#### WHAT IS REQUIRED:
Everything from the top of the data below through the line with "Self Nocked Arrows 5 Inch Fletched x 12" should be duplicated exactly, and nothing past it.

#### DATASET EXCERPTS:

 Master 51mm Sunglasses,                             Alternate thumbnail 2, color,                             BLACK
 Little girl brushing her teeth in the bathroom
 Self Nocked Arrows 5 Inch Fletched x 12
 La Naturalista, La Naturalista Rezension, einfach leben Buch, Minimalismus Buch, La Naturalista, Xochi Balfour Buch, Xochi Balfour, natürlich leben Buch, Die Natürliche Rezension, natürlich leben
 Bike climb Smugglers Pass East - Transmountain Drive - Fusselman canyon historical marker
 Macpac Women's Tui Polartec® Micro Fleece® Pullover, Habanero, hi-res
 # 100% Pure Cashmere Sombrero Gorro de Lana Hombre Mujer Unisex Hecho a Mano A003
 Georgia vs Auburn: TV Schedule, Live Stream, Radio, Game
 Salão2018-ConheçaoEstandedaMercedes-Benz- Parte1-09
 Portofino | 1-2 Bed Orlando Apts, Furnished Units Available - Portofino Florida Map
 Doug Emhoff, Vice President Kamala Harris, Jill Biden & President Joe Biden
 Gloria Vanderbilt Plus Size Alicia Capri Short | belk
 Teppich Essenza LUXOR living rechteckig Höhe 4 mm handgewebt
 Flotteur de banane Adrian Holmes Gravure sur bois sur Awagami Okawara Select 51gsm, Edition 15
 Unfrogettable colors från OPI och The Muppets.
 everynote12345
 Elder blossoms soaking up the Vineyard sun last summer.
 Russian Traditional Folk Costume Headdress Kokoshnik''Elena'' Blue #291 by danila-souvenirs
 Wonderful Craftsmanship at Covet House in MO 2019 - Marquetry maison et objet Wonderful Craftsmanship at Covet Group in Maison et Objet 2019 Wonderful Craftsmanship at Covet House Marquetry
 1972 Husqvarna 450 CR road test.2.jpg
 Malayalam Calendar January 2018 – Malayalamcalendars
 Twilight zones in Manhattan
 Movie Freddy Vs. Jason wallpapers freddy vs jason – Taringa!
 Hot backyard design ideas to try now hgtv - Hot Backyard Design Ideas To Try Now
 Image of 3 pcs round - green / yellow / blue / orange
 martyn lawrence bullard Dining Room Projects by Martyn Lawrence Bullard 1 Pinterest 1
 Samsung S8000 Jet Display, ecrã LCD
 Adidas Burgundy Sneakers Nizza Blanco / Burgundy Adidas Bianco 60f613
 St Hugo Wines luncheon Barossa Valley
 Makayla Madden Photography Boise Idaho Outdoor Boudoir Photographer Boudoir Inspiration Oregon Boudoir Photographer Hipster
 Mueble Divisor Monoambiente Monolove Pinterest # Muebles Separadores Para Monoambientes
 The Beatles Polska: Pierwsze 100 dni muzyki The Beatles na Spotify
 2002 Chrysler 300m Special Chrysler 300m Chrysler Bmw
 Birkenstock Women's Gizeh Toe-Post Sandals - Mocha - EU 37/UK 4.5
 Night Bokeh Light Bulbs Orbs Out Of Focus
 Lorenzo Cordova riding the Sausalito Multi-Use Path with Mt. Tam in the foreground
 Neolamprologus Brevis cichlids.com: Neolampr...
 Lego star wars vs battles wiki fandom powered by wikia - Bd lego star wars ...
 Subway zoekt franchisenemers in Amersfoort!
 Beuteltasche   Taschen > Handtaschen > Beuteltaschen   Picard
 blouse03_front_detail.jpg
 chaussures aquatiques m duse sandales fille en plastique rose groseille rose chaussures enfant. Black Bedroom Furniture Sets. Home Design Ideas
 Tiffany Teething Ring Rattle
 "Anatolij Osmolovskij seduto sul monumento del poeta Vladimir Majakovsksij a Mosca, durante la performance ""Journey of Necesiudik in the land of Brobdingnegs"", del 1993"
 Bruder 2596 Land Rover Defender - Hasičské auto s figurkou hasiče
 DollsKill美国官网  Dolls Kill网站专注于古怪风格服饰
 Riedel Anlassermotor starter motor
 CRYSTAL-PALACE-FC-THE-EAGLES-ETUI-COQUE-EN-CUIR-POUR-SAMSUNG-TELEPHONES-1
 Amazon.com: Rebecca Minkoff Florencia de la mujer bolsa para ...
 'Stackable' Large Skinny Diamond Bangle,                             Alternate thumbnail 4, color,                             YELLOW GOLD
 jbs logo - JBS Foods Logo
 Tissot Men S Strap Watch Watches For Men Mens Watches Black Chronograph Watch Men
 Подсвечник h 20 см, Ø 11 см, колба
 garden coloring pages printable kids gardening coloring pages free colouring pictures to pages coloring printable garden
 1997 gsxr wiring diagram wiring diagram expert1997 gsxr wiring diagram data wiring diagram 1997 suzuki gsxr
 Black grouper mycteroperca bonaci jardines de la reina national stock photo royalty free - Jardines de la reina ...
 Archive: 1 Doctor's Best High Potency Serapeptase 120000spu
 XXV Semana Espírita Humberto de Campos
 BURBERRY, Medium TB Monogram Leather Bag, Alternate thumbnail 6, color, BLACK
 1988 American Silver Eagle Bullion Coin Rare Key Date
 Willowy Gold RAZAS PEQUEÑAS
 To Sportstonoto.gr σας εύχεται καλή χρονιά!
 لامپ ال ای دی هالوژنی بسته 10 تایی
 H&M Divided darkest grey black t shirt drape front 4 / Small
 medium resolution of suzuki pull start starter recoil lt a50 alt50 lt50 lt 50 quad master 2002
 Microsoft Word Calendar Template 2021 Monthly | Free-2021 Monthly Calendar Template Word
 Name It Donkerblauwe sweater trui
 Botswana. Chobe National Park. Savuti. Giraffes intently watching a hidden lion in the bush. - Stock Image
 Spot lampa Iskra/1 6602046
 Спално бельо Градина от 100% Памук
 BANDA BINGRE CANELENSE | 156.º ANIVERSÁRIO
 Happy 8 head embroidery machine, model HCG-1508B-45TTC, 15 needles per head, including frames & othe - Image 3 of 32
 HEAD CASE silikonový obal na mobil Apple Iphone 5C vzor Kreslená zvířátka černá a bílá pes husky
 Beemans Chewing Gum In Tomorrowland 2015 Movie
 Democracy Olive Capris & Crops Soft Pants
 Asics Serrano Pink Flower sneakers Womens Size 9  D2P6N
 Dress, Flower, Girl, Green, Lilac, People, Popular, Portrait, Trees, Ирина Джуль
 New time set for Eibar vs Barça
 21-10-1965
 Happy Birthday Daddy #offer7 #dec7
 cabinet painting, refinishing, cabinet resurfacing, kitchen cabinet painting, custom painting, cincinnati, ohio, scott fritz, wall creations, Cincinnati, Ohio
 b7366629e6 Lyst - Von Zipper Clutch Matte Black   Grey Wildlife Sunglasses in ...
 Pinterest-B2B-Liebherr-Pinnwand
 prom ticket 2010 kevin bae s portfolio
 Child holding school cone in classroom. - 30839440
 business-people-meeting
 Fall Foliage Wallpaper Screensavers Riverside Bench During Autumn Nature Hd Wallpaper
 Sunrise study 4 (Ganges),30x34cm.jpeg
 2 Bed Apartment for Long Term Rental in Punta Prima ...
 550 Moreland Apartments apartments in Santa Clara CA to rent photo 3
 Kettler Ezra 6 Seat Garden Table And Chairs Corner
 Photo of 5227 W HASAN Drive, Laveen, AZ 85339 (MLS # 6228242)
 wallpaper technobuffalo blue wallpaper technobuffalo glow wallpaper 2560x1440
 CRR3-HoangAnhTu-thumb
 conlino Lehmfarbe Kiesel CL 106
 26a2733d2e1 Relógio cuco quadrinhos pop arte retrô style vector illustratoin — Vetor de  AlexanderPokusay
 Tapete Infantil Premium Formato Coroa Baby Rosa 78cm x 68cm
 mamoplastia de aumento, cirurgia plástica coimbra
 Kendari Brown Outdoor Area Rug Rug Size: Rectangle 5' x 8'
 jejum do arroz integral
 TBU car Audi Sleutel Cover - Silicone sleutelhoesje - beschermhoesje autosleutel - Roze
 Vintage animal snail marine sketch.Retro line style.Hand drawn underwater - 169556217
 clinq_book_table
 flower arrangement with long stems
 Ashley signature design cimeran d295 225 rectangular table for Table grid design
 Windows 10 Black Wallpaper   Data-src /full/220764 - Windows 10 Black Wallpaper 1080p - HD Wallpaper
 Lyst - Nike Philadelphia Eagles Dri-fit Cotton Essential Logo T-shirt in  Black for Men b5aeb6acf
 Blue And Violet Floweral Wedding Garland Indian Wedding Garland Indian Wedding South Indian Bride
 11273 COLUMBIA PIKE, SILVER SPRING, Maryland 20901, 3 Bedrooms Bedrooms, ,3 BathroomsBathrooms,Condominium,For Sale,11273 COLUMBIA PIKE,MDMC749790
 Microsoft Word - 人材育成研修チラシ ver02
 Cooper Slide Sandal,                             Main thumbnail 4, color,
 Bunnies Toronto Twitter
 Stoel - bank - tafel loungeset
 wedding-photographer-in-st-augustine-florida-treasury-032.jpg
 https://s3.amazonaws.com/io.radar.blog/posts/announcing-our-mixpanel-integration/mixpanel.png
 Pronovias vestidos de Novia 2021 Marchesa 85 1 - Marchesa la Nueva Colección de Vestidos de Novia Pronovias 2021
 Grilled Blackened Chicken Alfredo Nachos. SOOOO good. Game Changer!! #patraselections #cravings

#### RESPONSE AREA:
 Master 51mm Sunglasses,                             Alternate thumbnail 2, color,                             BLACK
 Little girl brushing her teeth in the bathroom
 Self Nocked Arrows 5 Inch Fletched x 12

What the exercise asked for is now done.